This series incrementally adds support for operations on unpacked vectors
of floating-point values.  By "unpacked", we're referring to the in-register
layout of partial SVE vector modes.  For example, the elements of a VNx4HF
are stored as:

... | X | HF | X | HF | X | HF | X | HF |

Where 'X' denotes the undefined upper half of the 32-bit container that each
16-bit value is stored in.  This padding must not affect the operation's
behavior, so should not be interpreted if the operation may trap.

The series is organised as follows:
        * NFCs to iterators.md that lay the groundwork for the rest of the
        series.
        * Unpacked conversions, in which a solution to the issue described
        above is given.
        * Unpacked comparisons, which are slightly less trivial than...
        * Unpacked unary/binary/ternary operations, each of which is broken
        down into:
                * Defining the unconditional expansion
                * Supporting OP/UNSPEC_SEL combiner patterns under
                SVE_RELAXED_GP
                * Defining the conditional expander (if applicable)

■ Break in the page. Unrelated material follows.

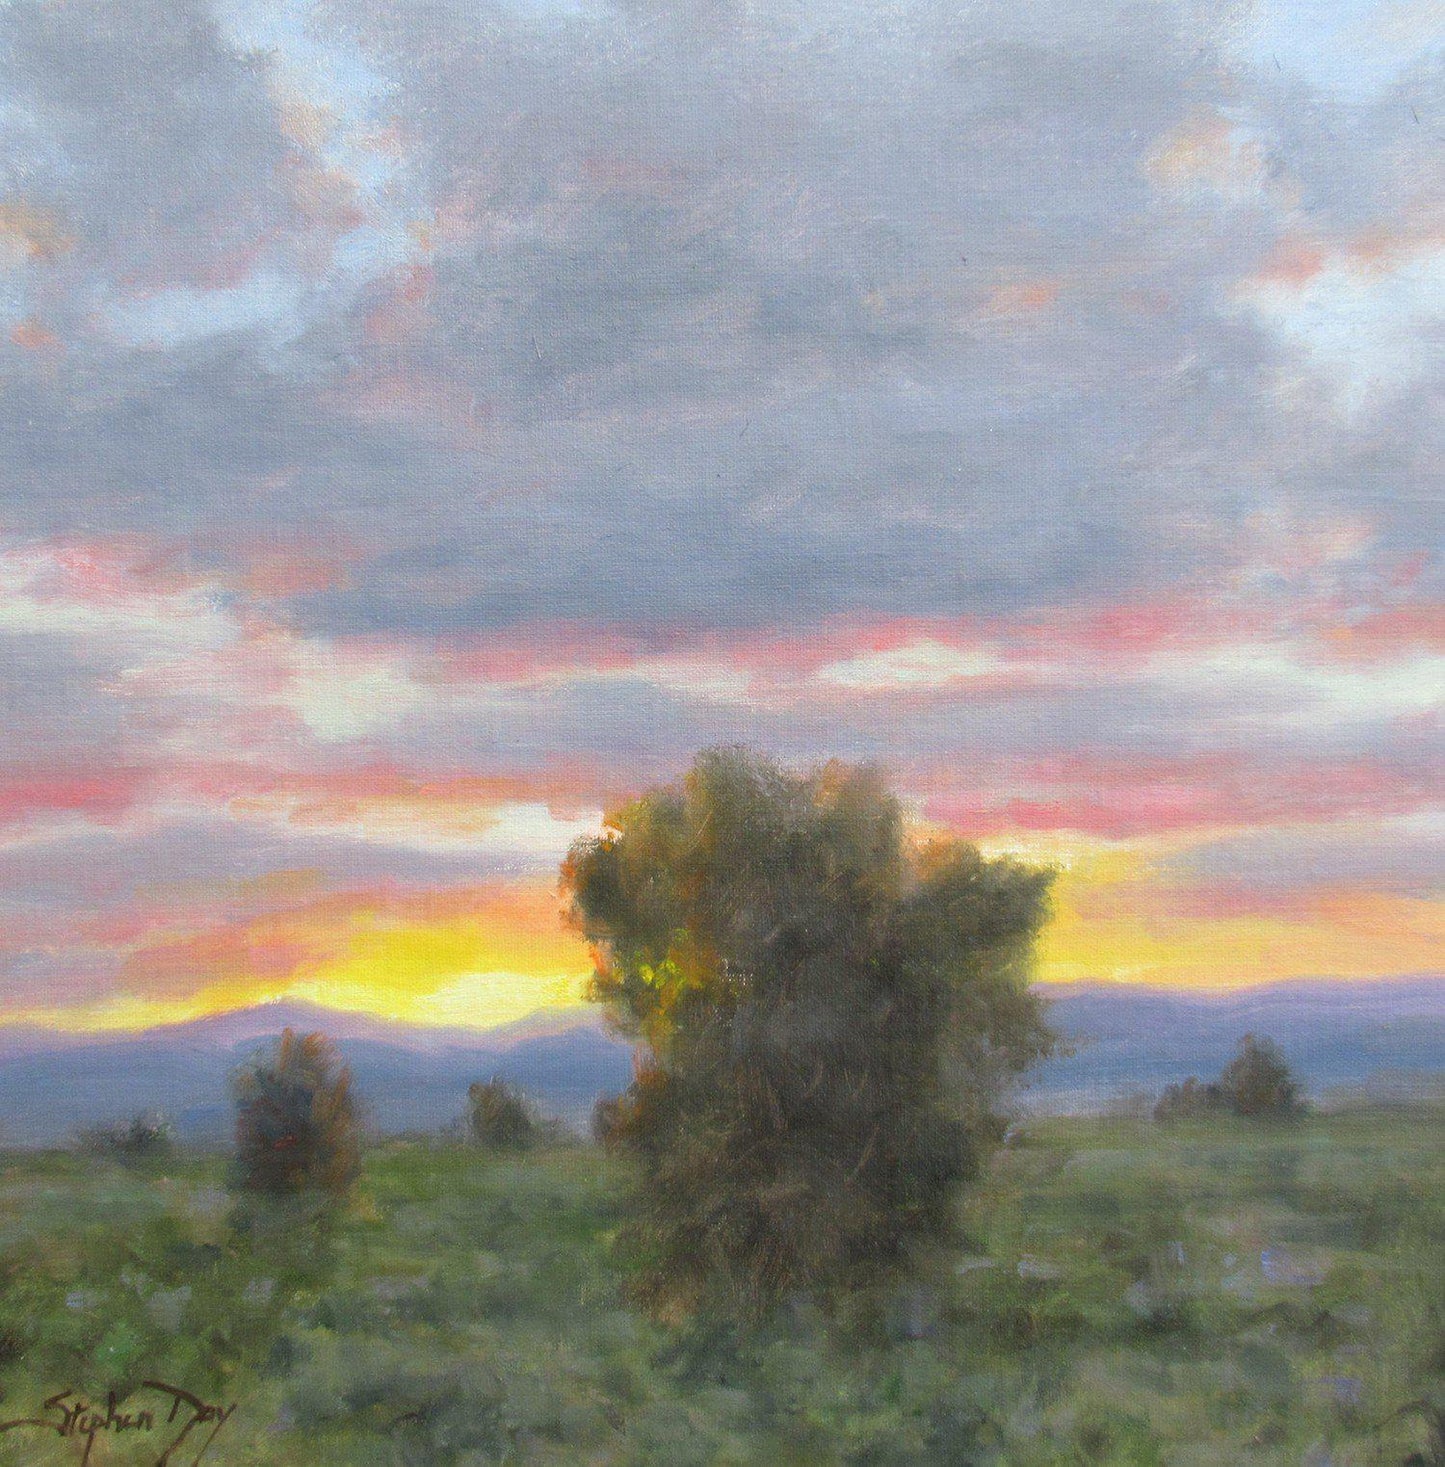 Valley Sunset-Painting-Stephen Day-Sorrel Sky Gallery

This allows each change to aarch64-sve.md to be testable; once the conditional
expander for an operation is defined, the rules in match.pd canonicalize any
occurrence of that operation combined with a VEC_COND_EXPR into these
conditional forms, which would make the SVE_RELAXED_GP patterns dead at trunk.
I’ve taken this approach because I believe it’s valuable to have these
patterns to fall back on.

Notes on code generation under -ftrapping-math:

1) In the example below, we're currently unable to remove (1) in favour of
(2).

ptrue   p6.b, all   (1)
ptrue   p7.d, all   (2)
ld1w    z30.d, p6/z, [x1]
ld1w    z29.d, p6/z, [x3]
fsub    z30.s, p7/m, z30.s, #1.0

In the expanded RTL, the predicate source of the LD1Ws is a
(subreg:VNx2BI (reg:VNx16BI 111) 0), where every bit of 111 is a 1.  The
predicate source of the FSUB is a (subreg:VNx4BI (reg:VNx16BI 112) 0),
where every 8th bit of 112 is a 1, and the rest are 0.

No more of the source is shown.